Total Pageviews

Monday, April 28, 2014

Sam Houston, Santa Anna, and On Star!


By Jody Worsham

All rights reserved for a paper map


If Sam Houston and Santa Anna had relied on On Star for directions, the Battle of San Jacinto might never have taken place and I would now be writing with a Spanish accent.  I shall explain.

The twelve-year-old missed the class field trip to the San Jacinto Monument due to a schedule conflict.  In a very small school it is good to have common reference points so you don’t feel left out.  So I decided to take both children to the San Jacinto Monument during San Jacinto Days when the most decisive battle of the Texas Revolution is re-enacted.

We left home at 7a.m. for the three hour trip.  When we hit the outskirts of Houston at 9:30, I hit the On Star button for directions.  The festival did not start until 10 a.m. so we should be on time.  I followed the directions and ended up at the Lynchburg Ferry only the ferry was closed for the day.  I backtracked and consulted On Star again.

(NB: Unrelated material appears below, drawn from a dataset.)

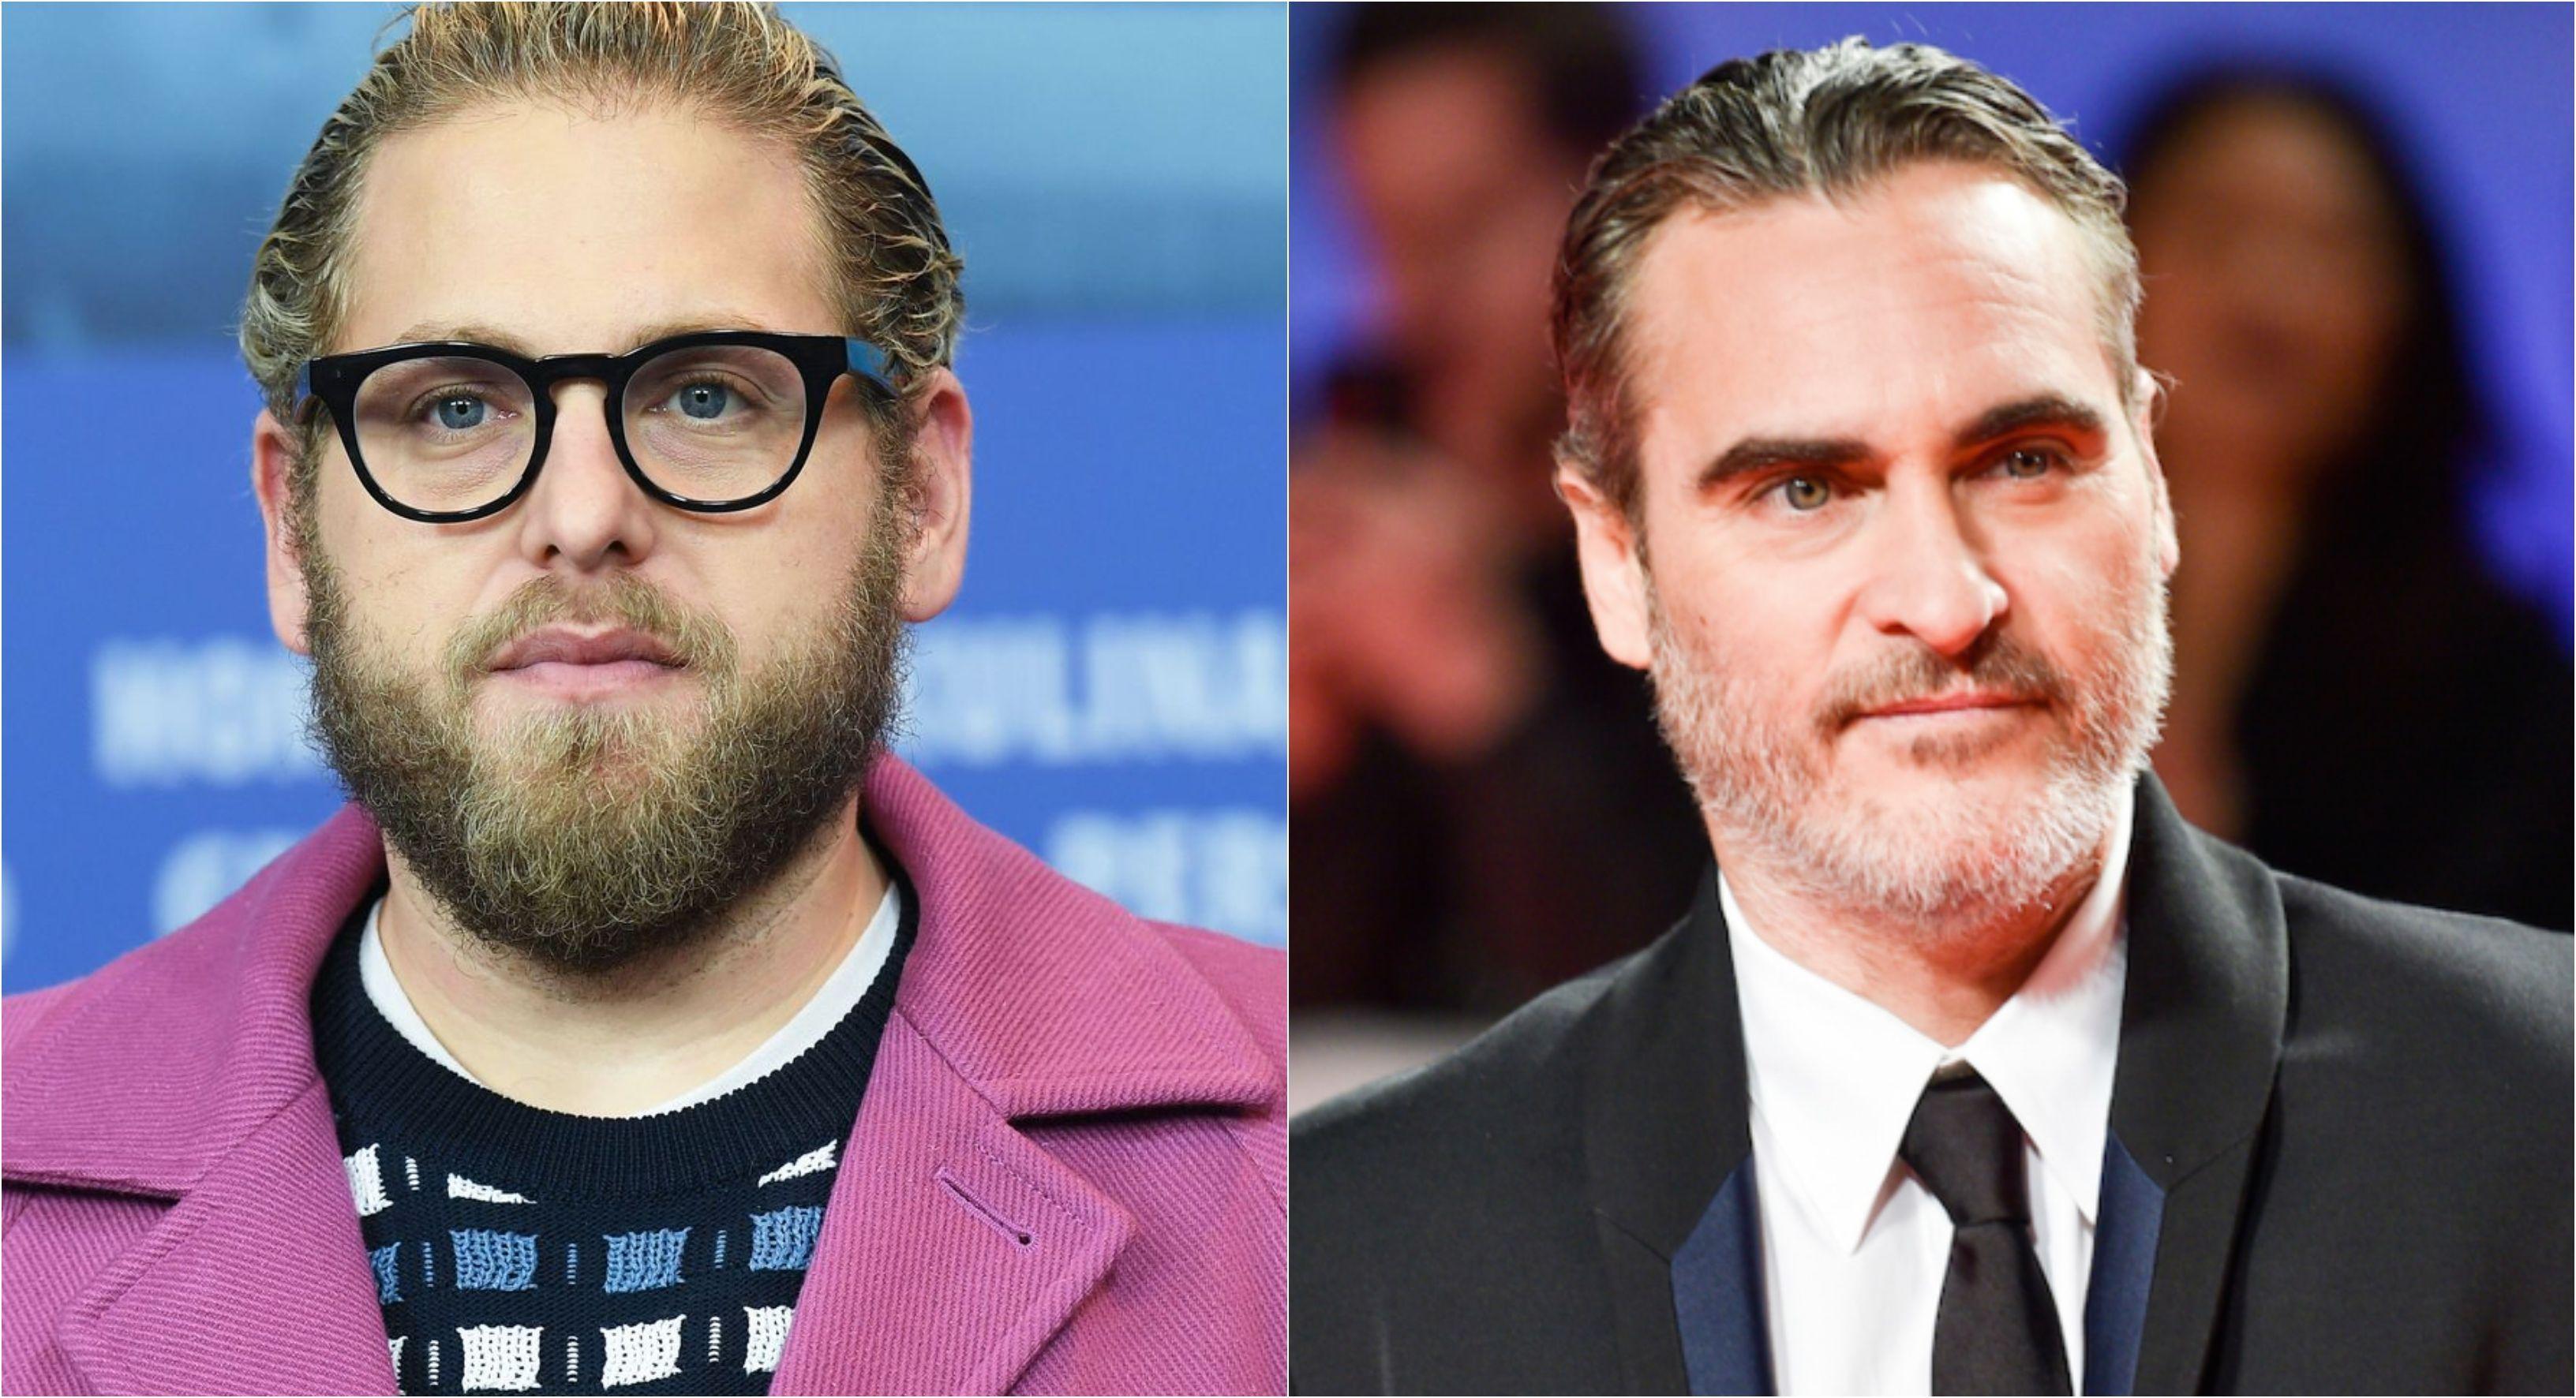 Jonah Hill dirigirá un documental producido por Joaquin Phoenix para Netflix

Maybe they couldn’t understand my Texas accent.  I carefully spelled S-A-N    J-A-C-I-N-T-O   M-O-N-U-M-E-N-T.  I was routed back onto the six lane freeway and given instructions to make a U- turn when it was safe to do so.  On a six lane freeway??? Fifteen miles later I turned around and ended back at the closed ferry…again.  This time I gave On Star the exact address and explained that the Lynchburg Ferry was closed.  I was routed back onto the freeway and six miles later I heard “You have arrived at your destination”.  In the middle of a six lane freeway??

We could see the 580 foot obelisk.  We just couldn’t get there.  I told the nine-year-old to keep the monument in sight.  I stopped at a convenience store for directions.  The proprietor was on the phone.  I think he had just switched to Vonage because he was reconnecting to his 384 relatives in India.  He didn’t know what the San Jacinto Monument was.  I was about to point to it out the window but the fog had obscured my landmark.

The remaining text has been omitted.